This week's book giveaway is in the OO, Patterns, UML and Refactoring forum. We're giving away four copies of Refactoring for Software Design Smells: Managing Technical Debt and have Girish Suryanarayana, Ganesh Samarthyam & Tushar Sharma on-line! See this thread for details.
In the past, I've always used MS Access as a database because I found the connection easy to set up and it is the only database software we have in school. Now I have read that it is not 'good practice' to use MS Access as a DB source at all. Now I want to move over to an 'acceptable' database type. I have identified MySQL as probably the best choice and I have used it successfully with the MySQL server running. The problem is: Using Access allowed me to bundle my .mdb file with the application and the jar with the database driver and it would work on any machine on which my app is installed. MySQL seems to need the MySQL server running to access the database. This is a problem because an end user would not want to worry about setting up a database server before using any off-the-shelf software. How can I set MySQL up so that I can bundle the .sql file in my distribution and have java access it transparently without the user having to set up the server?

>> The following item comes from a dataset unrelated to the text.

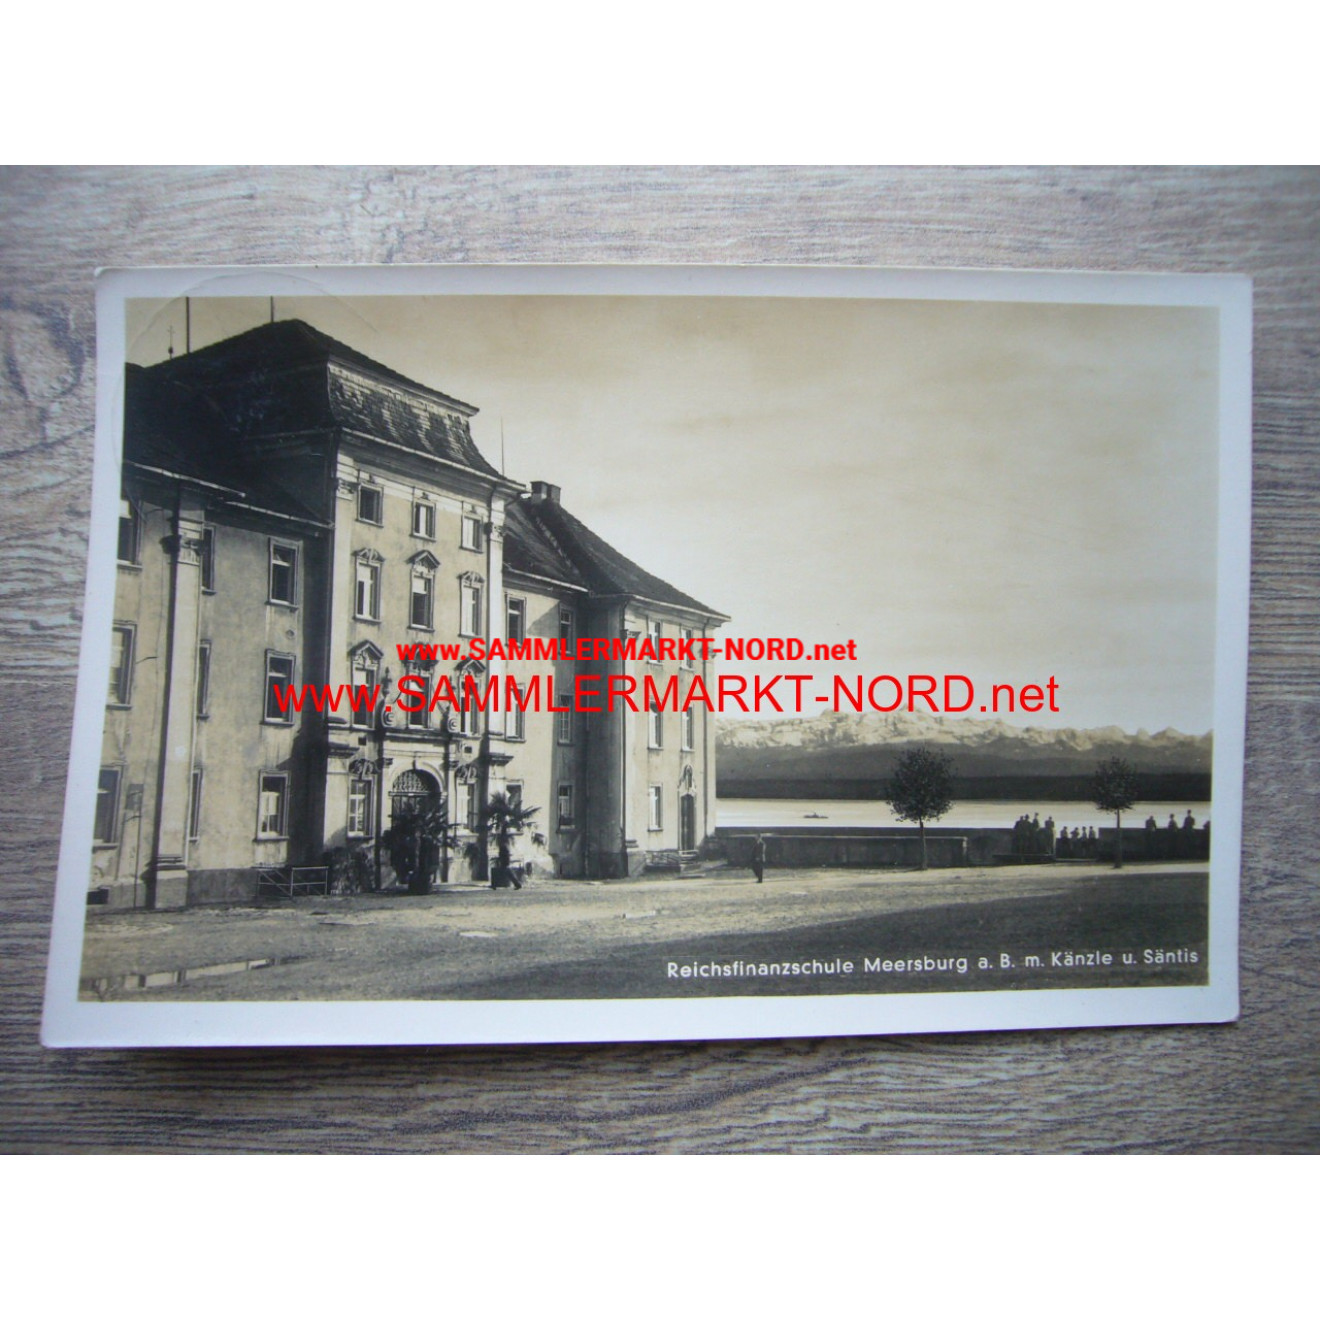 Reichsfinanzschule Meersburg (RfV) - postcard

If I am on the wrong track here, please direct me as to what other type of database is the best to use for desktop applications so that the database connection can 'just work' on every computer my software gets installed on? Which database do Java developers generally use when creating 'out of the box' applications?
A database is probably not the best choice for a single user desktop application. I would just use the file system. Databases (Access aside) are intended to run on servers handling multiple requests from different users. If your system doesn't need this then don't use one.
If you feel you need a database and you want it running on the user's machine you probably would be best looking at a Java-based one you could completely control from your application, e.g. DerbyDB or HSQLDB.
As Paul mentioned, Derby and HSQLDB might be what you need. They are in a class of database referred to as 'embedded databases'. Basically, they start inside your application and are only available as long as your application is up. I'm not a huge fan of them, though, as I find the desire to centralize my data (such as a web-based application) paramount to running lots of disconnected copies of the database. Keep in mind, if you want to update the user's database you need to perform updates on every instance that it is installed on.